* COLLECTED MATERIAL
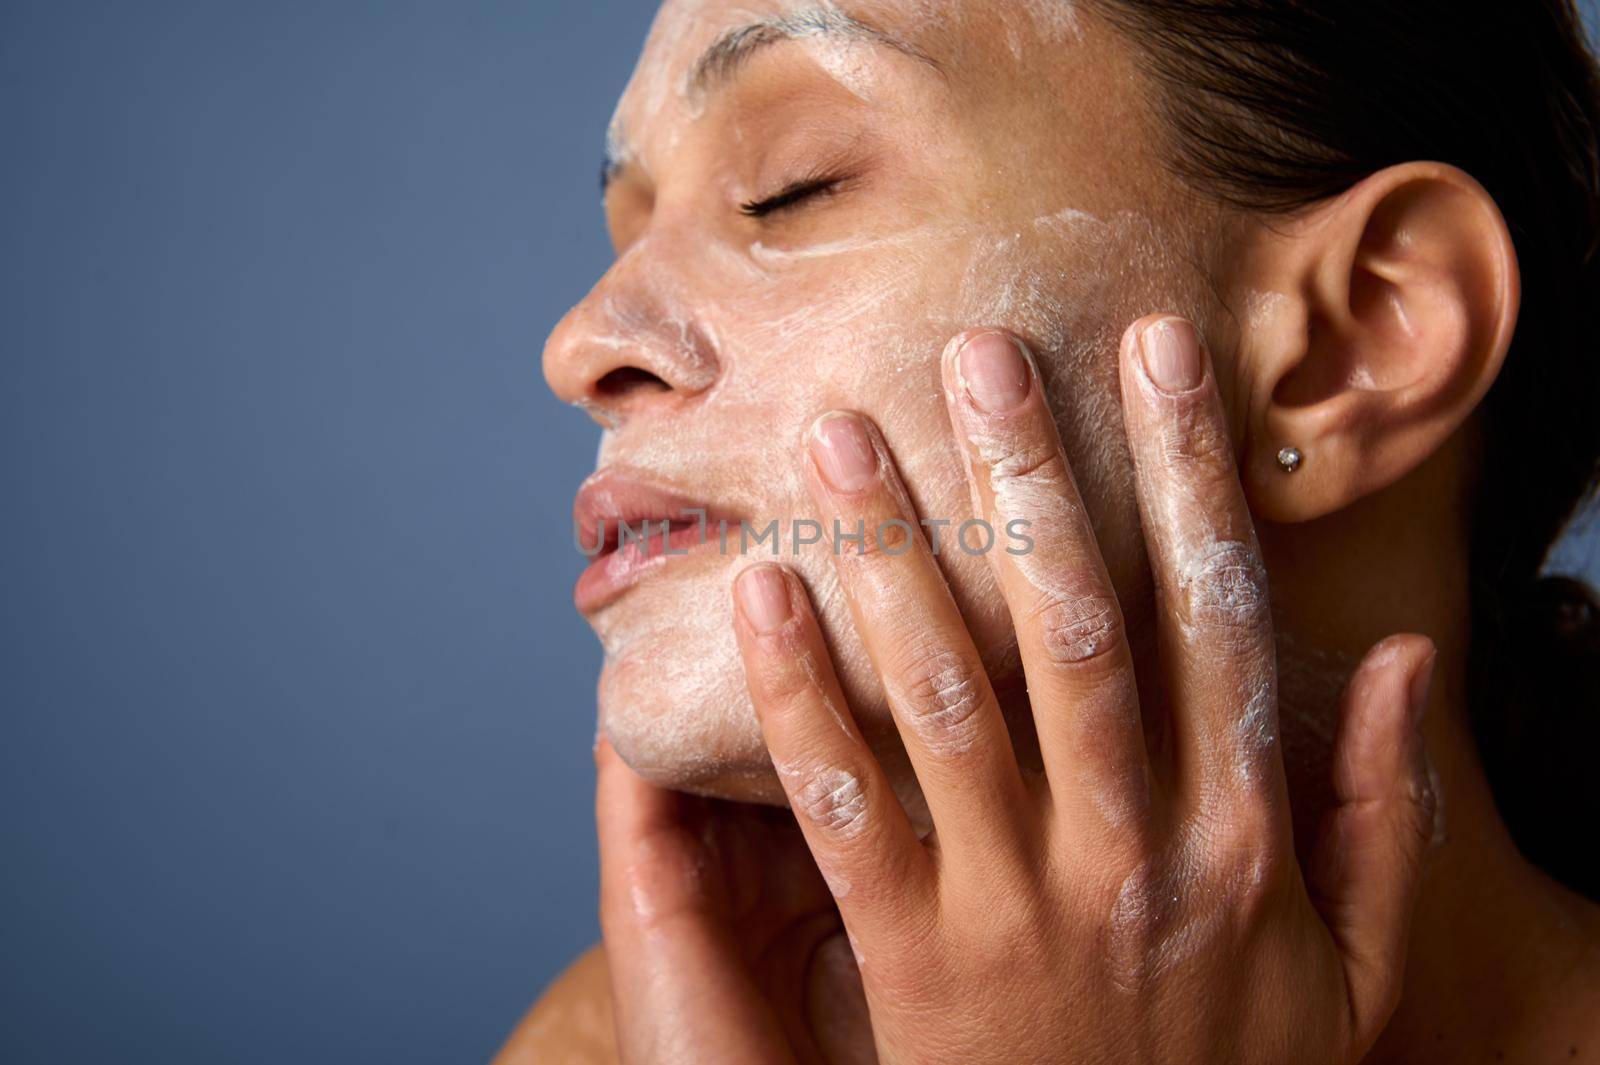 Head shot of beautiful woman with perfectly healthy skin, holding hands on her face, performing smoothing massage, removing makeup and cleansing face with exfoliating scrub and facial foam cleanser by artgf
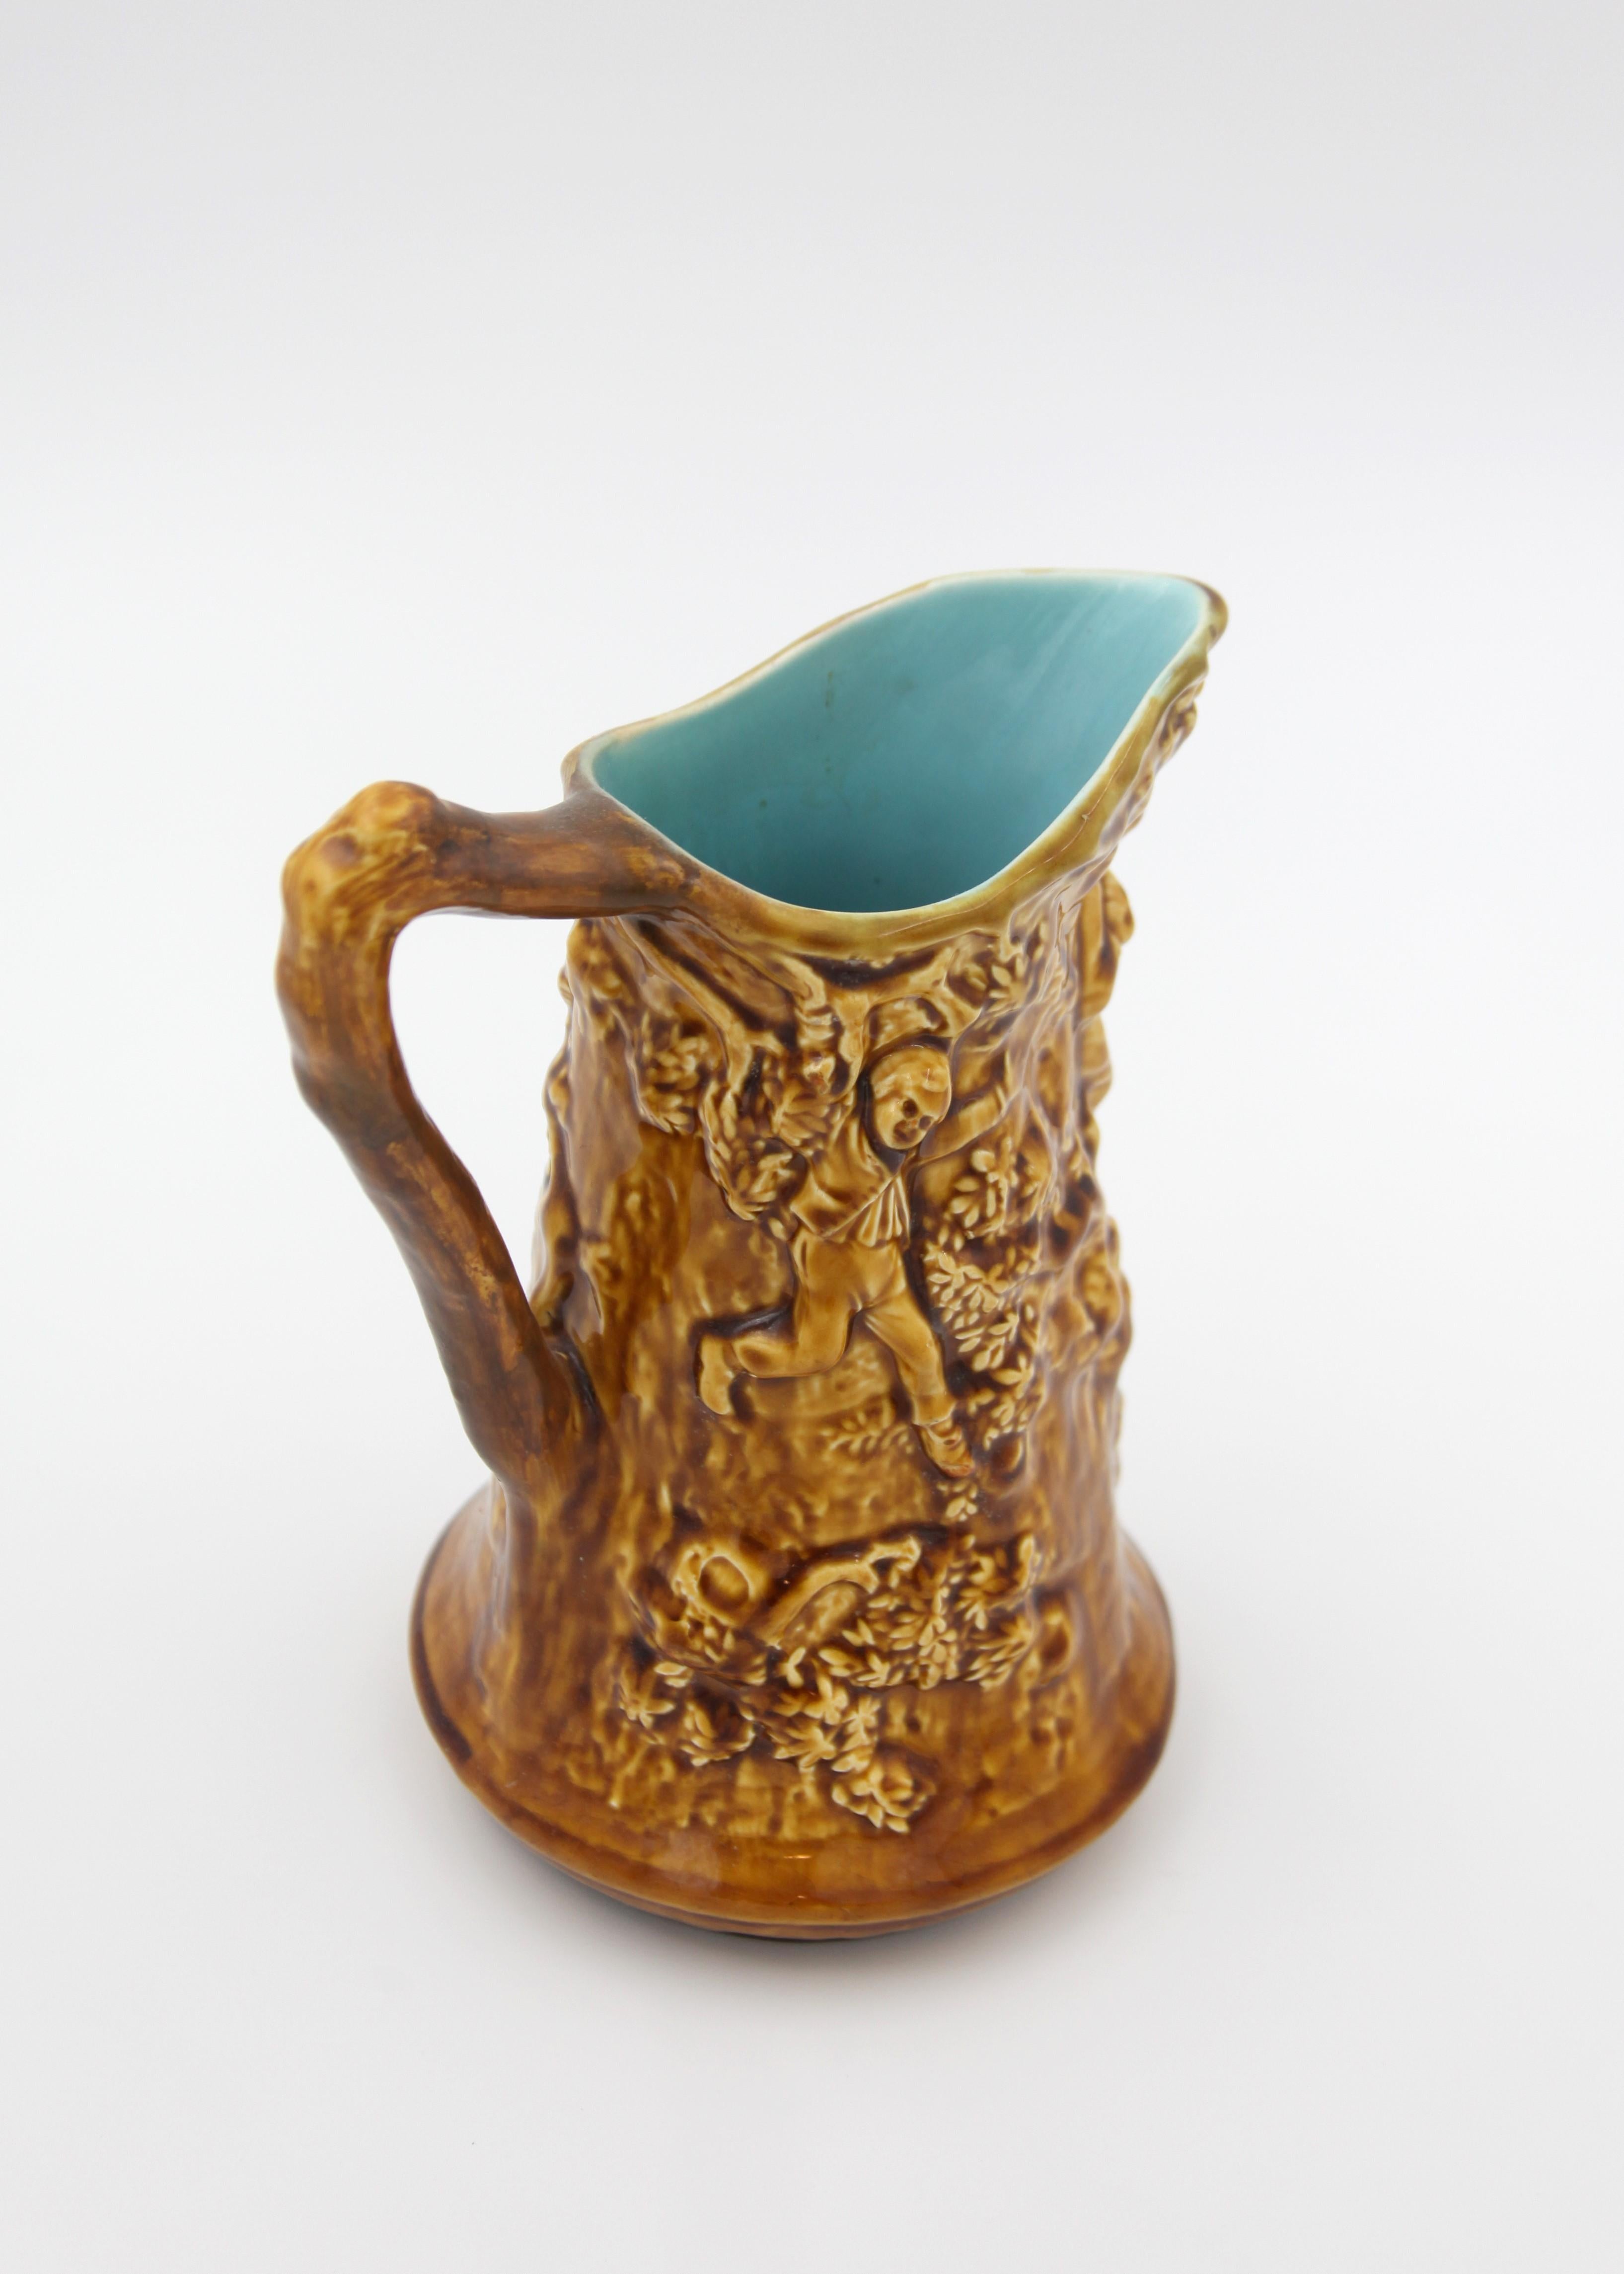 Glazed Early Yellow Majolica Pitcher Sarreguemines, Circa 1870 For Sale
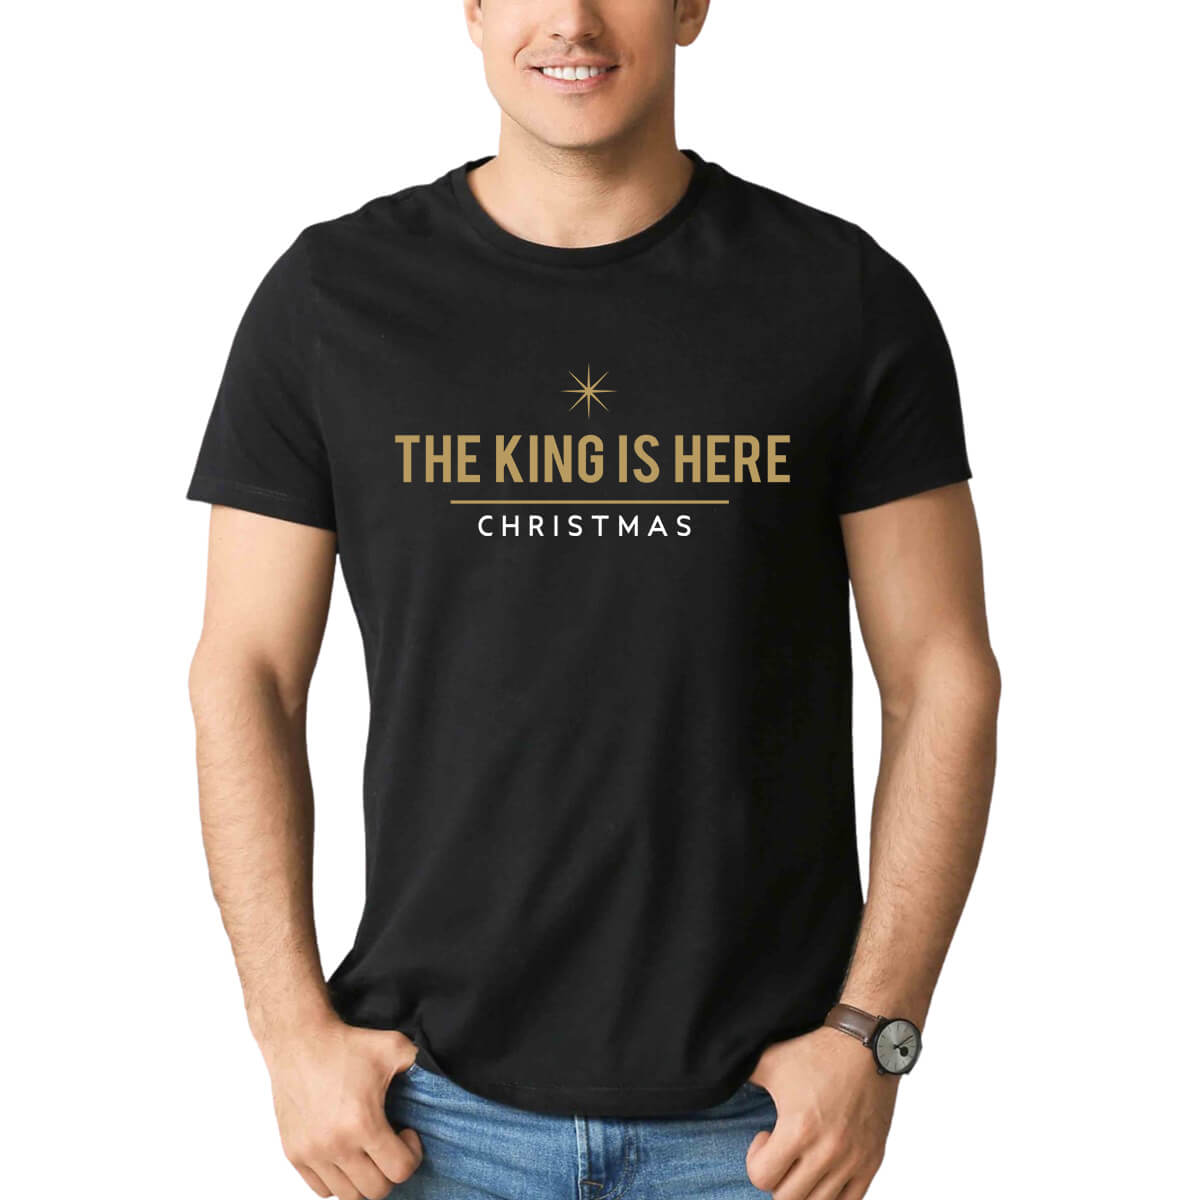 The King Is Here Christmas Men's T-Shirt

* WHAT YOU HAVE TO DO
Restate every line above exactly, omitting images.

* SOLUTION FOR THIS EXERCISE
 Head shot of beautiful woman with perfectly healthy skin, holding hands on her face, performing smoothing massage, removing makeup and cleansing face with exfoliating scrub and facial foam cleanser by artgf
 Glazed Early Yellow Majolica Pitcher Sarreguemines, Circa 1870 For Sale
 The King Is Here Christmas Men's T-Shirt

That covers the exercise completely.